Is there a standard deduction on the 1040 that would deduct from the $2000 interest income?


----------



## maz57 (Apr 17, 2012)

SuzieF said:


> Is there a standard deduction on the 1040 that would deduct from the $2000 interest income?


Yes, there are 4 ways that I know of to reduce your taxable income for IRS purposes: The personal exemption, the standard deduction, the Foreign Earned Income Exclusion, and the Foreign Tax Credit. The first two are claimed on your Form 1040 and the second two are claimed with Form 2555 or Form 1116 respectively. (There may be other ways but probably not relevant in your case.)

Turbo tax should lead you through these. Your RRSP and your TFSA are more problematical as they are foreign trusts from the IRS point of view. Canadian RRSPs can be dealt with on Form 8891; once you have elected to defer they receive the same tax treatment as they get in Canada. (Maybe better, because you only pay tax on the gains at withdrawal, not principal.) 

The TFSA could be a major problem depending on the exact structure of the account. If it really is a trust, that triggers all the ridiculous trust reporting (Form 3520, etc.) If on the other hand it's a simple savings account or acts like a simple savings account, just report the interest and leave it at that. Do you get an annual statement from the trustee of the TFSA? If not, I'd treat it as a savings account and report the interest accordingly. (In my reporting my TFSA was lumped in with several other accounts all under one account number. I simply tallied all the interest together and reported the total. No need to confuse the IRS about things that aren't really any of their business anyway.)

But, and I can't stress this enough, no need to panic about this. It's very unlikely you would owe US tax and if there is no tax owing there is no penalty or interest.  The only thing you are guilty of is not realizing that the US treats it's expat citizens unlike any other country in the world. You are hardly the first to discover this best kept secret of the US government. 2013 taxes aren't due until June 15, 2014. (You get an automatic filing extension if filing from abroad. Canada is abroad from the IRS point of view.) My guess is you could file 2013 plus 2011 and 2012 plus 2013 FBAR (you know about FBAR, right?) showing zero balance owing and that's it. 

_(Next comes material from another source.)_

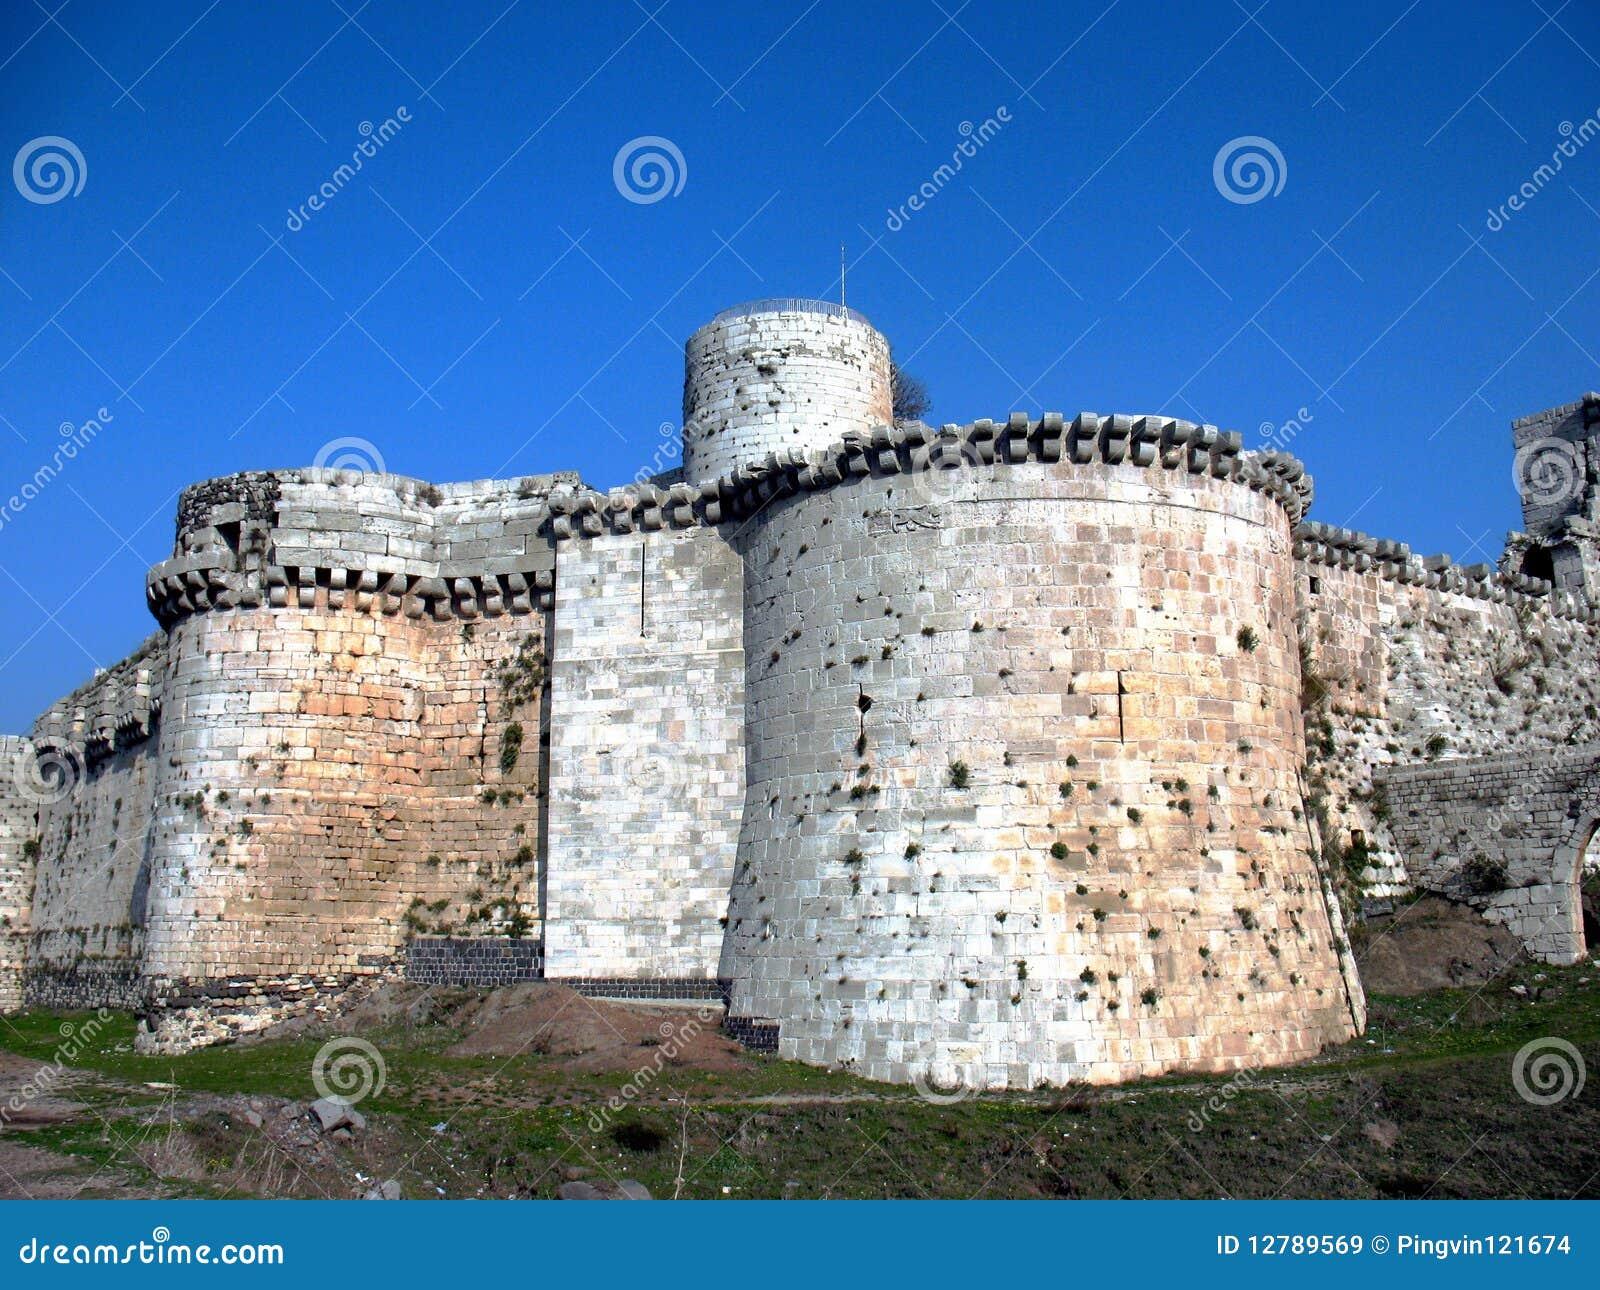 Сrak des Chevaliers. Western Wall

But take a deep breath, take your time, do your research, put together your plan and then put it into action. May I suggest that even though you are planning to use TurboTax, go ahead, download and print out a 1040. You can fill it out in pencil to see how everything fits together. You can download the instructions at the same time. (No need to print, it's a thick booklet.)


----------



## SuzieF (Feb 3, 2014)

Thanks so much.. I do feel obligated to go back to 2008, as I sold my deceased parents home in the us that year. I don't think I will owe much.. It acquiring was split into two 1/2s..the first half I received in 1999 when my mother died so it will be long term cap gain the other half I received when my brother died in 2008 and sold it immediatly so it will be short term cap gain( actually that half is a wash ). I'm afraid if I don't go back to 2008 and declare this that it's going to bite me.. I've never heard a word but who knows if the IRS filed one of their own returns on me for that year. With the standard and personal deduction the gain will be minimal.. So why not fix it all while I'm doing it.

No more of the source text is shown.